El crítico de música que no amaba la música

El club de preservación del power chord es un lugar para aquellos que ven en el rock algo trascendental.

Durante mi breve e informal trayectoria como redactor de textos de música he conocido a varias personas inmiscuidas en el medio; muchas trabajando para las grandes publicaciones de música en internet y en los medios impresos. También, he conocido gente que se desempeña en trabajos particulares donde tener un conocimiento amplio sobre música popular es indispensable. Para mi sorpresa, muchas de esas personas saben tanto como el más casual de los fans, tanto como se los permita un playlist de Spotify o un descubrimiento fortuito en el cartel de un festival. Son personas que nunca han escuchado un disco de Marvin Gaye, que no les suena el nombre Neu! y que “ubican” una que otra canción de Prince. “Aman” la música, o al menos eso dicen, pero hay una gran diferencia entre amar y disfrutar.
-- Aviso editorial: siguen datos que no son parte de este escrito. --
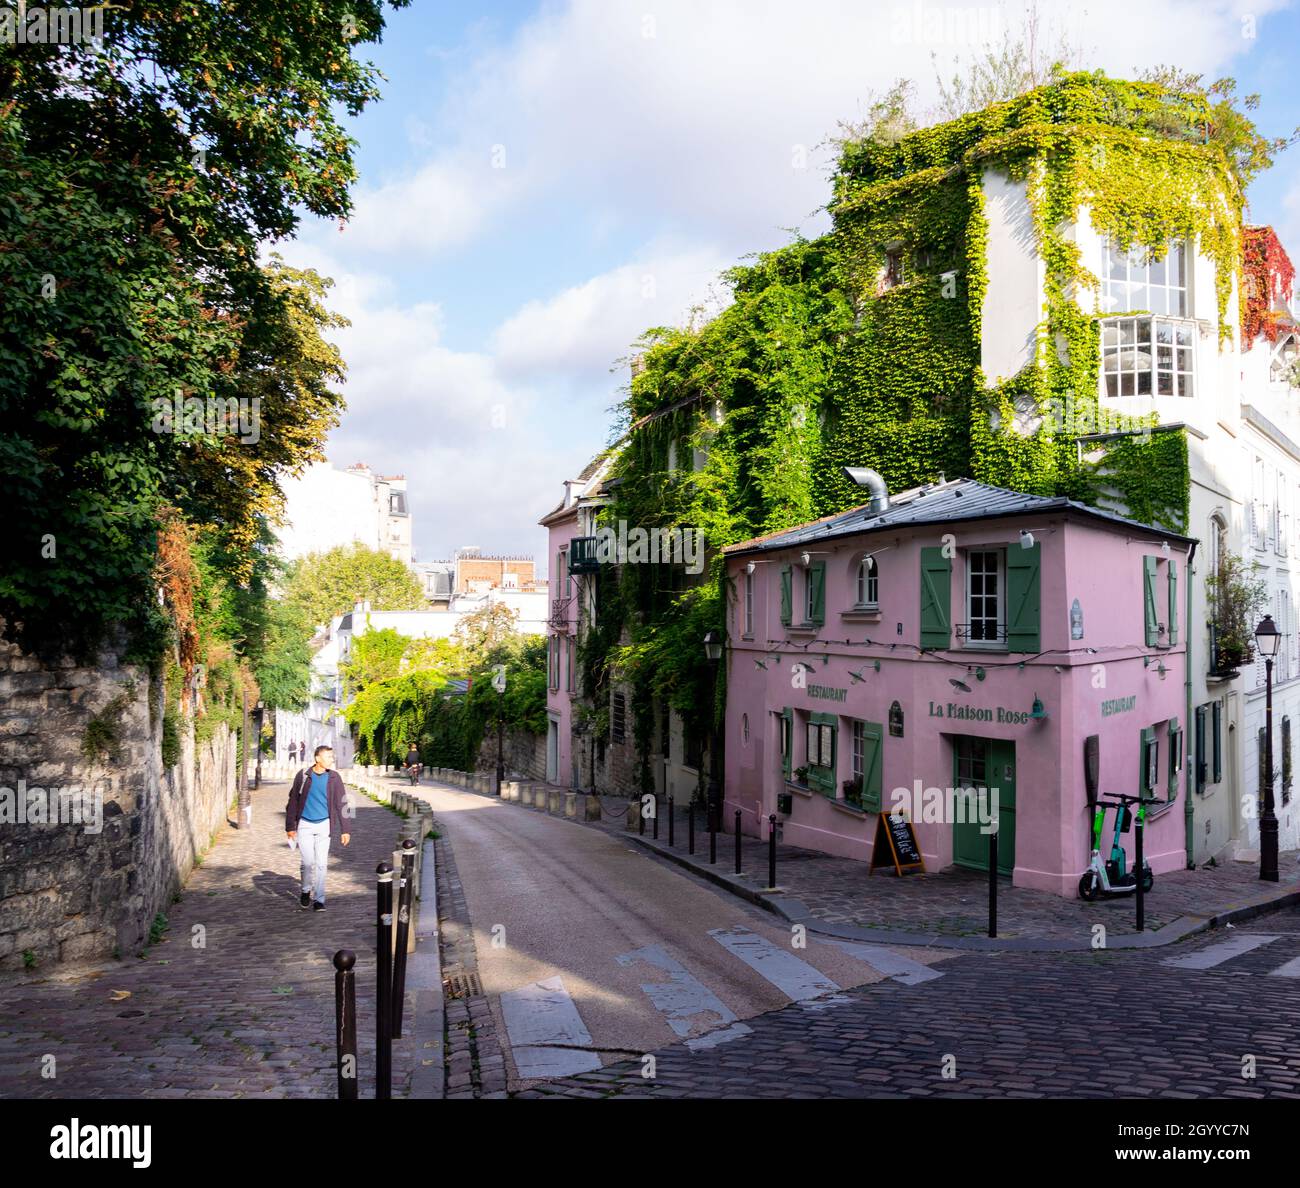 La maison Rose à Montmartre Paris, le restaurant le plus photographié de Paris Banque D'Images

Creo que para que haya amor debe haber un cierto grado de obsesión.

Leyendo a los grandes críticos de la historia (Christau, Bangs, ScaruffiReynolds), uno deduce que hay que ser sumamente obsesivo con la música popular para poder escribir sobre ella. Hay que dejar a un lado cualquier prejuicio, dominar todos los subgéneros que nos sean posibles, todas las épocas, trascender la música contemporánea y echarse un clavado en todos lados. De cierta manera, hay que ser un snob de clóset, regocijarse de los descubrimientos que uno hace saltando entre páginas de Wikipedia y búsquedas de artistas en los servicios de streaming. Hay que realmente desarrollar un comportamiento obsesivo respecto a la búsqueda de más música, tener una ambición completista a la hora de escuchar las cosas.

Los grandes pueden enlazar cualquier canción, cualquier álbum, con una cadena de influencias que lo remitan hasta un origen. Pueden soltar nombres a diestra y siniestra, como si fueran una enciclopedia lista para ser consultada en cualquier momento. Tienen la idea completa de las cosas porque su bagaje se los permite. Pueden traducir su obsesiva necesidad de investigación en conocimiento práctico, el cual dé un panorama sumamente completo para formular una crítica. ¿Por qué? Porque para ellos la música no es un hobby, es una obsesión. Es un modo de vida, es investigación implacable, es la tarea imposible de buscar completar algo que no tiene fin.

Conozco a varios de estos grandes, pero lamentablemente la mayoría no escriben en publicaciones, que muchas veces buscan cualidades que no tienen nada que ver sobre lo esencial, el conocimiento musical. Éstos grandes trabajan en tiendas de discos, son investigadores o profesores. Todos tienen en común una misma medida de curiosidad y obsesión. Mientras las revistas y portales tengan que vender una identidad más relacionada al lifestyle que a la música en sí, seguirá habiendo personas “profesionales” con las que no se puede platicar sobre afrobeat, black metal o country, porque su falta de curiosidad no les permite ver que hay más allá del indie, creando así un obstáculo que no permite desarrollar una obsesión, derivando en opiniones huecas, sin fundamento, en pose, en lifestyle.